Dynamic Cluster Remapping  
An automatic and dynamic recovery or retrieval technique used when a Windows NT family operating system returns a bad sector error to NTFS. NTFS dynamically and continuously replaces (remaps/reallocates) the cluster containing the bad sector, reassigning the cluster with the bad sector/block to its bad-cluster file, and allocating a new cluster so that the data can be copied to it – ensuring data integrity. If the error occurs during a read from a bad hard disk drive sector, the read operation will fail, the data in the allocated cluster will become inaccessible; as NTFS returns a read error to the calling program, and responds appropriately to the data lose. The bad cluster will not be used in future allocations. If this occurs during a write, NTFS writes the data to the new cluster, NTFS remaps the cluster before writing and thus looses no data and generates no error. The same recovery procedures are followed if the filesystems data is stored in a sector that goes bad.
  However, cluster remapping is not a backup alternative. Once errors are detected, the hard disk drive must be monitored closely and replaced if the bad sector detection list grows. For a Windows NT family operating system this type of error is displayed in the System Log of Event Viewer.
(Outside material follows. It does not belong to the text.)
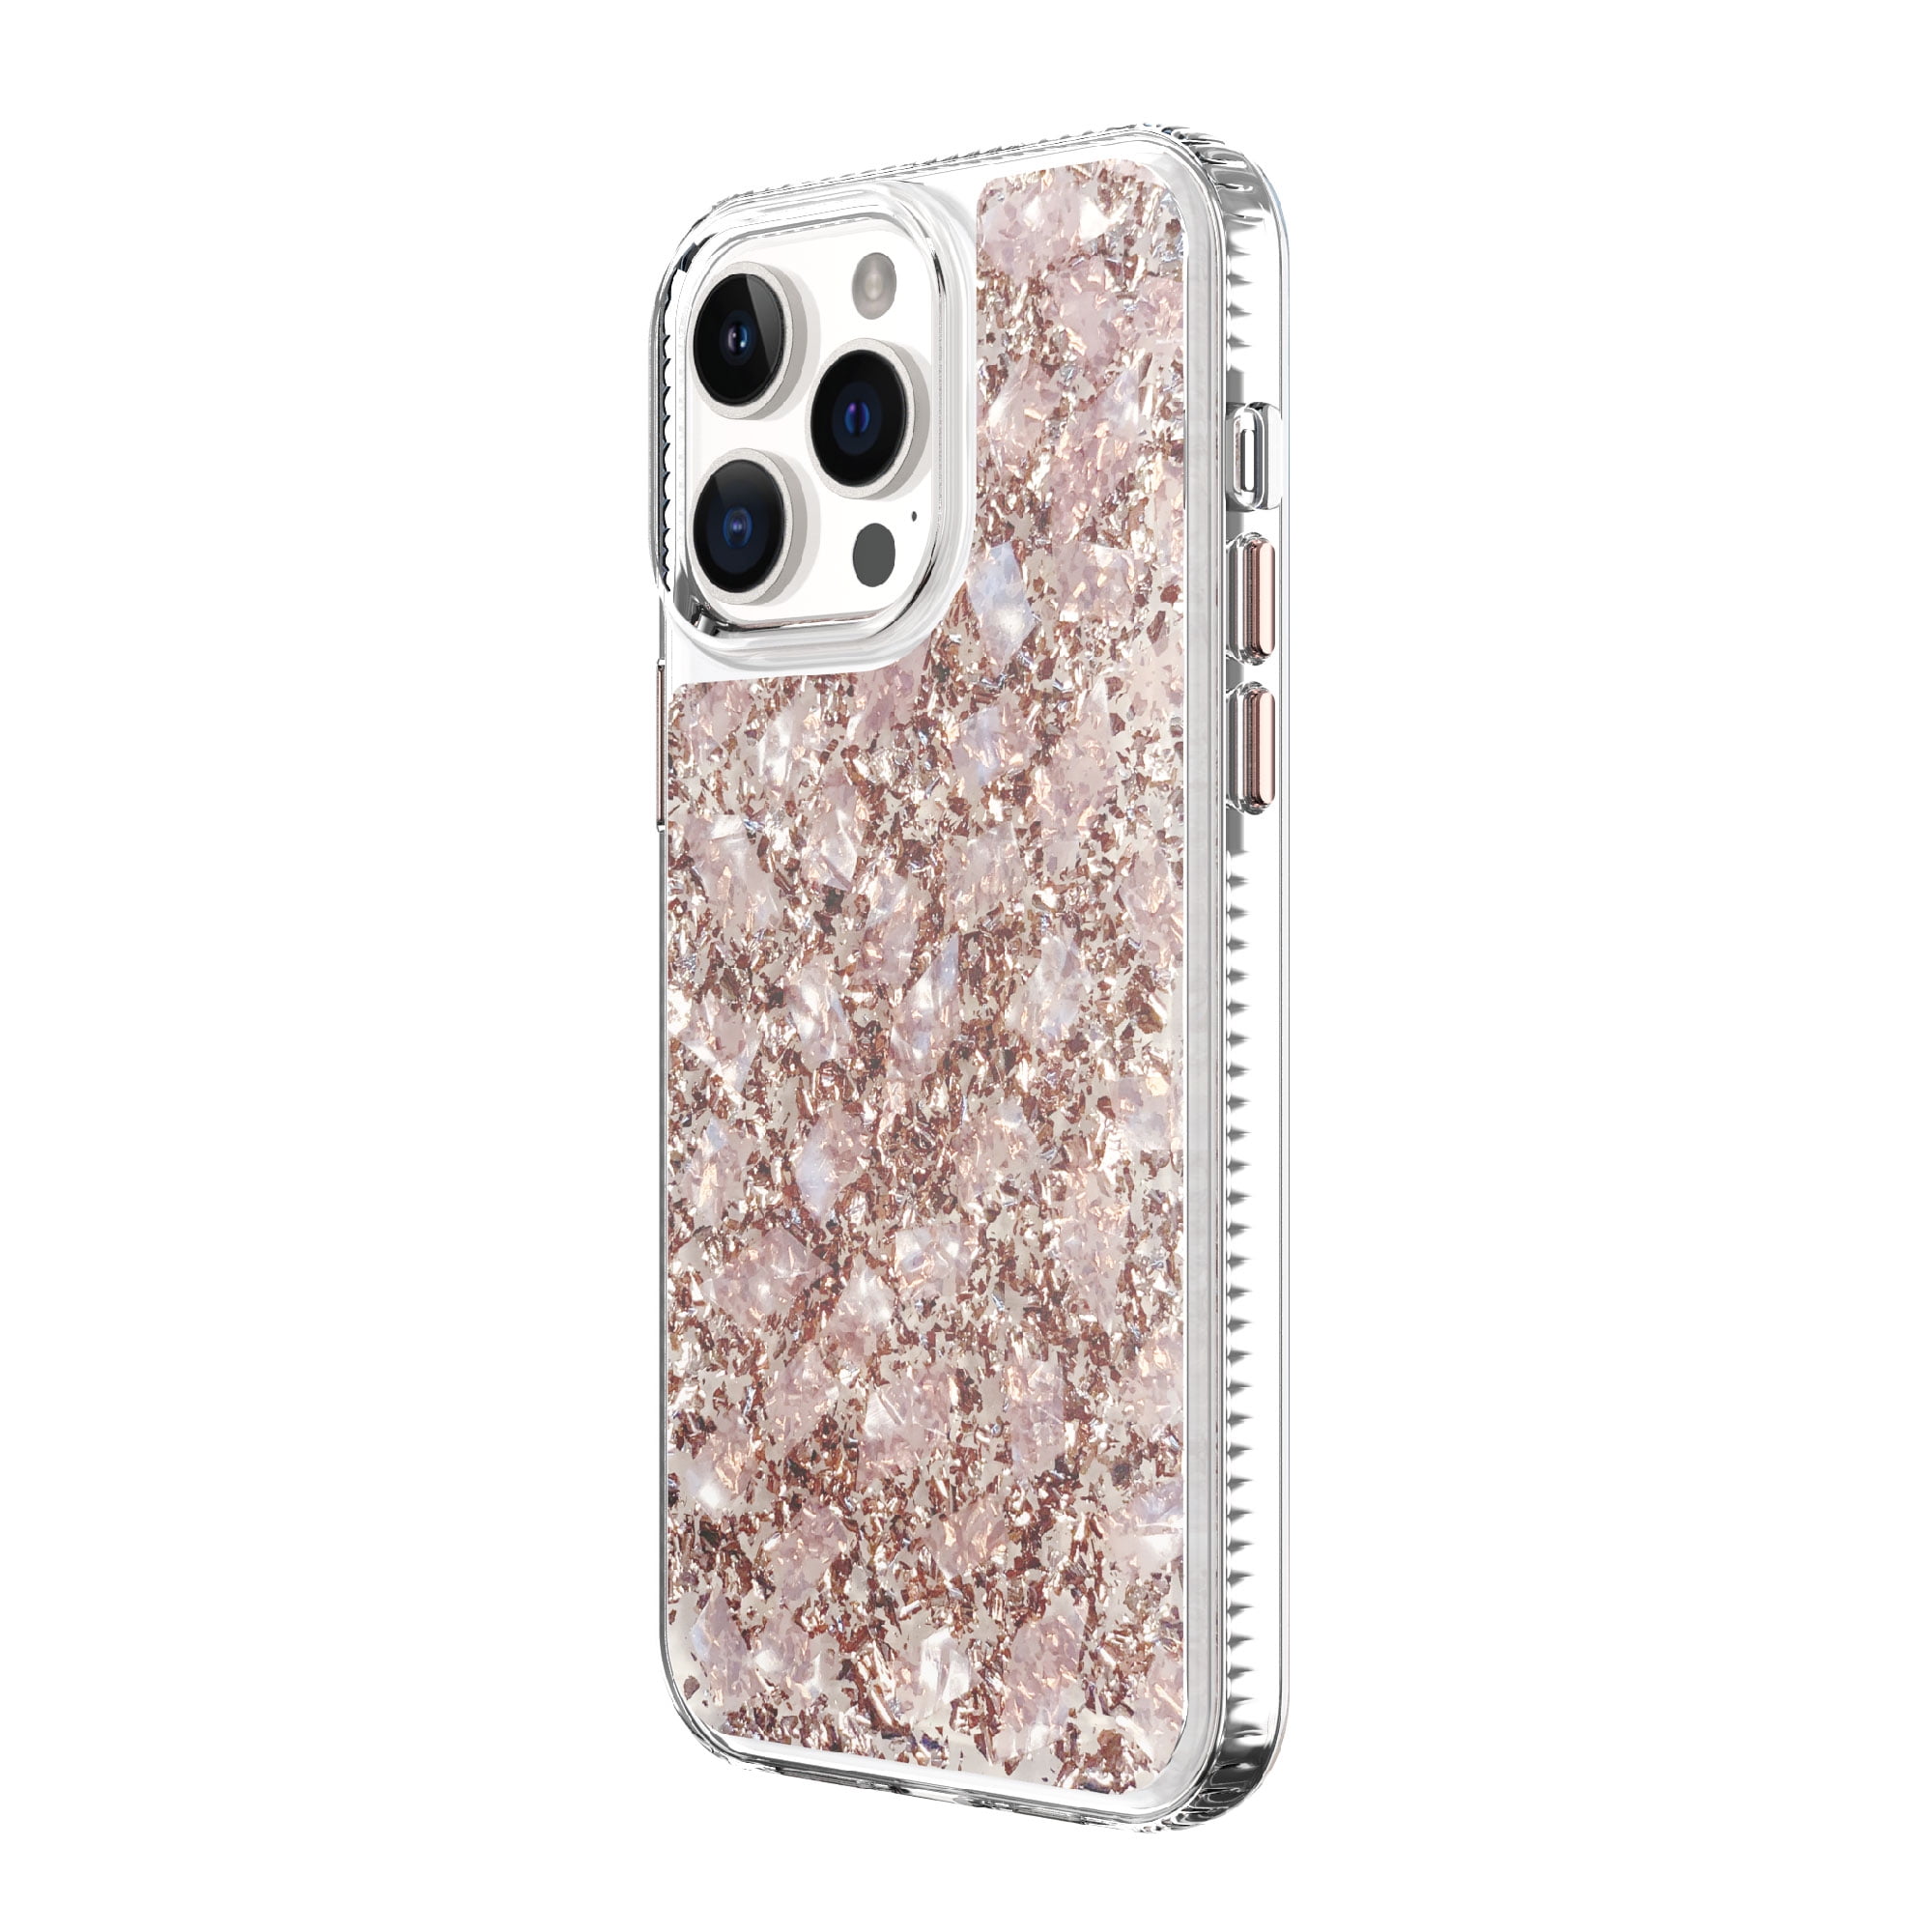 SaharaCase - Hard Shell Series Case for Apple iPhone 12 Pro Max - Clear Rose Gold
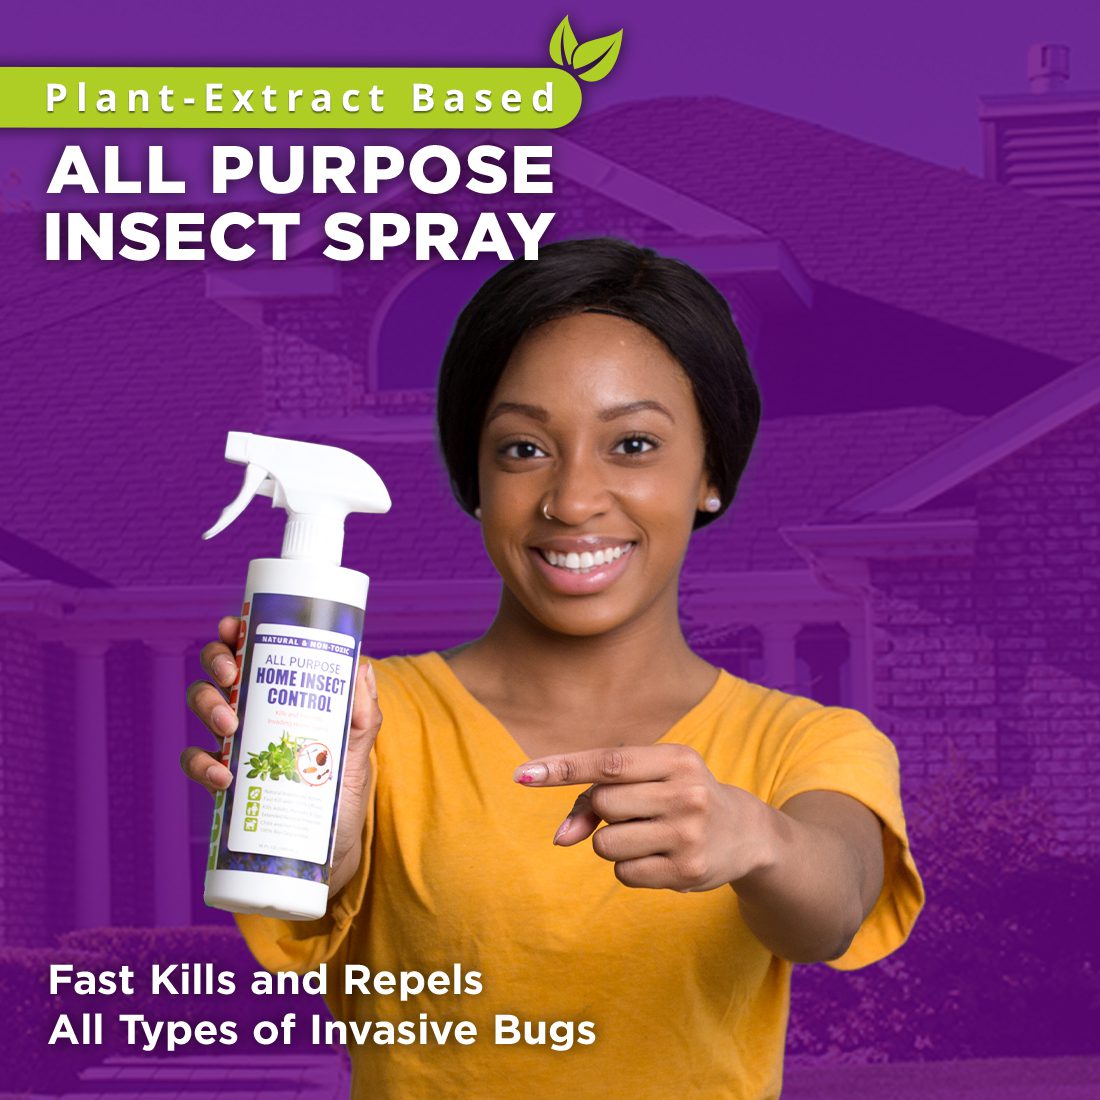 Optimum · Insect spray · With natural active ingredient

  This data recovery and dynamic bad-cluster remapping is an especially useful feature for file servers and fault-tolerant systems or for any application that cannot afford to lose data.
  FAT uses a form of cluster remapping, but only when the volume is initially formatted. If a bad sector occurs in a FAT volume after it is formatted, data stored within the associated cluster can be permanently lost. This is one advantage of using NTFS over FAT.
  In addition to the recovery features mentioned, NTFS uses redundant storage for vital filesystem information so that if a sector on the hard disk drive goes bad, NTFS can still access the volume’s critical filesystem data. This redundancy of filesystem data contrasts with the on-hard disk drive structures of both types of FAT filesystem (FAT16 and FAT32). On these systems, if a read error occurs in one of these critical sectors an entire volume can be lost.
  If some of the filesystem’s control structures reside in the bad sector, an entire file or group of files, or an entire disk, can be lost. At best, some data in the affected file (often, all the data in the file beyond the bad sector) is lost. Moreover, the FAT filesystem is likely to reallocate the bad sectors to the same or another file on the volume, causing problems to resurface.
  To conclude, the benefits of NTFS cluster remapping are that bad sectors/blocks in a file can be fixed without harm to the file (or harm to the filesystem) and that the bad cluster will not be reallocated to the same or another file.
    Chkdsk is less than ideal for removing bad sectors from use.  Chkdsk can take considerable time to find and recover bad sectors.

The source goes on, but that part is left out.